# Introduction to NLP preprocessing and encoding

## Part 1: Preprocessing

For this first section, we will be running through some common preprocessing steps. Remember, preprocessing should be based on your data and use case, not a one size fits all approach.

We will be using a subsample of Twitter data from this dataset: https://www.kaggle.com/datasets/monogenea/game-of-thrones-twitter?resource=download

In [1]:
import pandas as pd
import numpy as np
# read in the gotTwitter dataset we will be working with
got_data = pd.read_csv('gotTwitter.csv', dtype='str')

In [2]:
# set_option to view full column in notebook
pd.set_option('display.max_colwidth', None)

# make sure it loaded correctly, there should be 3 columns, an id number, a created_at date, and the text of the tweets
got_data.head()

Unnamed: 0,status_id,created_at,text
0,x1129144346618540033,5/16/2019 21:59,"Over 370,000 'Game of Thrones' fans sign petition for remake of season 8 https://t.co/jqxWu4E5k3"
1,x1129144306206298112,5/16/2019 21:59,"With both Game of Thrones and The Big Bang Theory ending this week, I<U+2019>m wondering if it would be fun to take hugely-popular, long-running, juggernaut shows I<U+2019>ve never seen a single episode of, and watch JUST the finale, and see what I think?"
2,x1129144249205895171,5/16/2019 21:59,"Suddenly, last episode, Daenerys embraced the thrill of genocide, specifically targeting civilians with dragon fire.
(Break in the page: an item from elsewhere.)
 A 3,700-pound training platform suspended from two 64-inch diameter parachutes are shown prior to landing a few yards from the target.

Personality changes happen in fiction, but not with such lack of subtlety -- not to characters @GameOfThrones respect and understand.\n\n https://t.co/FR9HzLcGB0"
3,x1129144246869663745,5/16/2019 21:59,"Sprinkles causes a stampede by releasing a limited-time-only <U+2018>Game of Thrones<U+2019> dragon fruit cupcake sold Friday, May 17-Sunday, May 19 https://t.co/9zNhC00Sj4"
4,x1129141956095954956,5/16/2019 21:49,"<U+2018>Game of Thrones<U+2019> is airing its final episode, and here<U+2019>s what we<U+2019>ll miss when it ends https://t.co/Adb12iWRqb"
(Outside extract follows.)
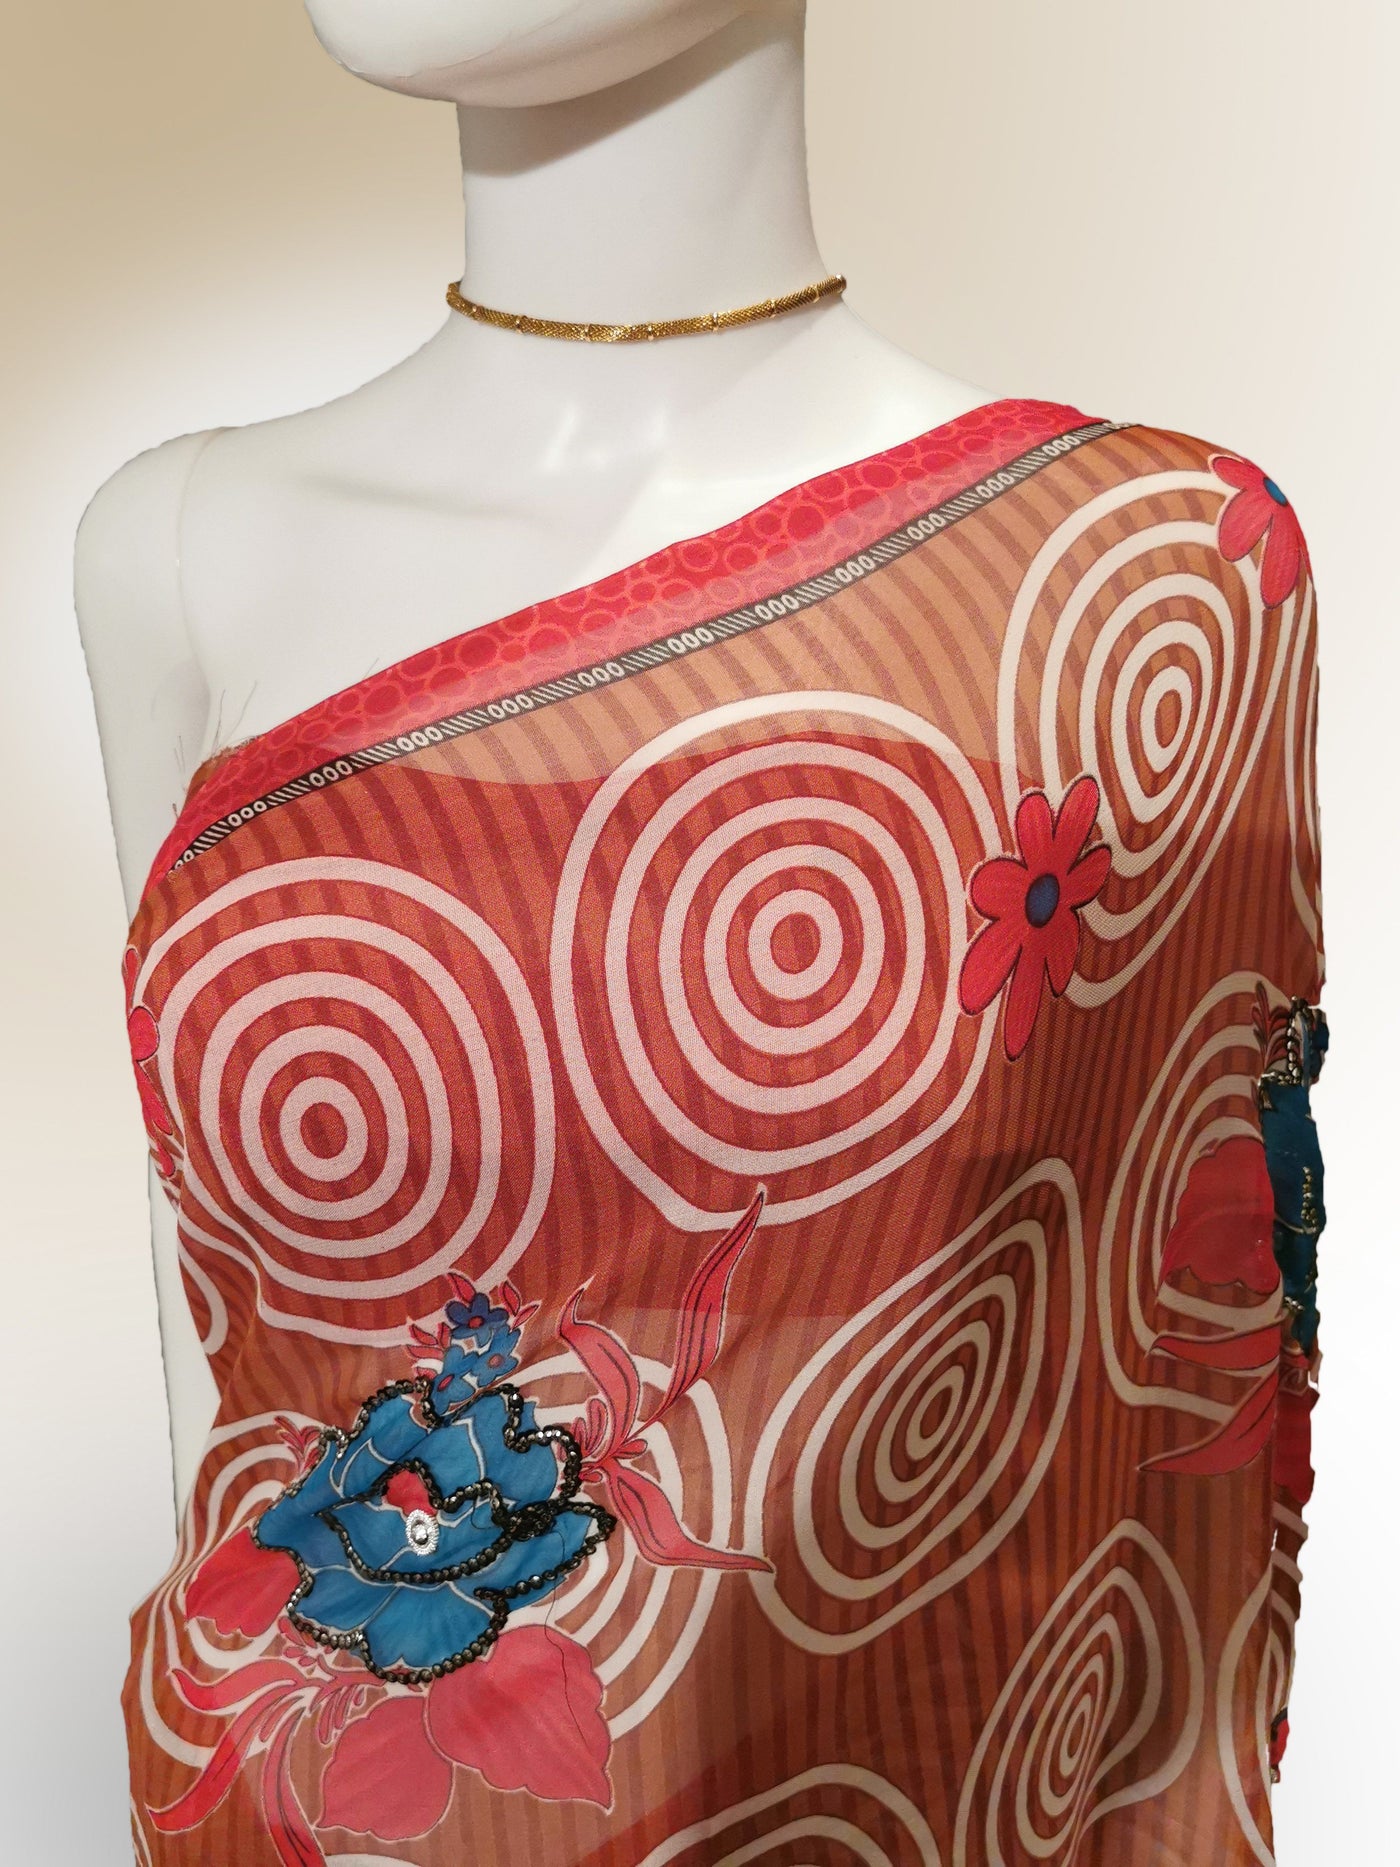 Saree in Tomato Red and Blue Floral with Sequin and Print Work Indian Clothing in Denver, CO, Aurora, CO, Boulder, CO, Fort Collins, CO, Colorado Springs, CO, Parker, CO, Highlands Ranch, CO, Cherry Creek, CO, Centennial, CO, and Longmont, CO. NATIONWIDE SHIPPING USA- India Fashion X

#### Remove things like special characters, symbols, punctuation, URLs, etc. from the data that contains little information for a model to learn and are often primarily noise.

In [3]:
import re, string #import packages for regex replacement

def clean_text_round(row):
    row = re.sub(r'http\S+', '', row) #remove urls
    row = re.sub(r"(?<![@\w])@(\w{1,25})", '', row) #remove mentions
    return row

clean = lambda x: clean_text_round(x)

In [4]:
# apply the function above across each row of the text column
got_data.loc[:, 'text'] = got_data['text'].apply(clean)
got_data.head()

Unnamed: 0,status_id,created_at,text
0,x1129144346618540033,5/16/2019 21:59,"Over 370,000 'Game of Thrones' fans sign petition for remake of season 8"
1,x1129144306206298112,5/16/2019 21:59,"With both Game of Thrones and The Big Bang Theory ending this week, I<U+2019>m wondering if it would be fun to take hugely-popular, long-running, juggernaut shows I<U+2019>ve never seen a single episode of, and watch JUST the finale, and see what I think?"
2,x1129144249205895171,5/16/2019 21:59,"Suddenly, last episode, Daenerys embraced the thrill of genocide, specifically targeting civilians with dragon fire. Personality changes happen in fiction, but not with such lack of subtlety -- not to characters respect and understand.\n\n"
3,x1129144246869663745,5/16/2019 21:59,"Sprinkles causes a stampede by releasing a limited-time-only <U+2018>Game of Thrones<U+2019> dragon fruit cupcake sold Friday, May 17-Sunday, May 19"
4,x1129141956095954956,5/16/2019 21:49,"<U+2018>Game of Thrones<U+2019> is airing its final episode, and here<U+2019>s what we<U+2019>ll miss when it ends"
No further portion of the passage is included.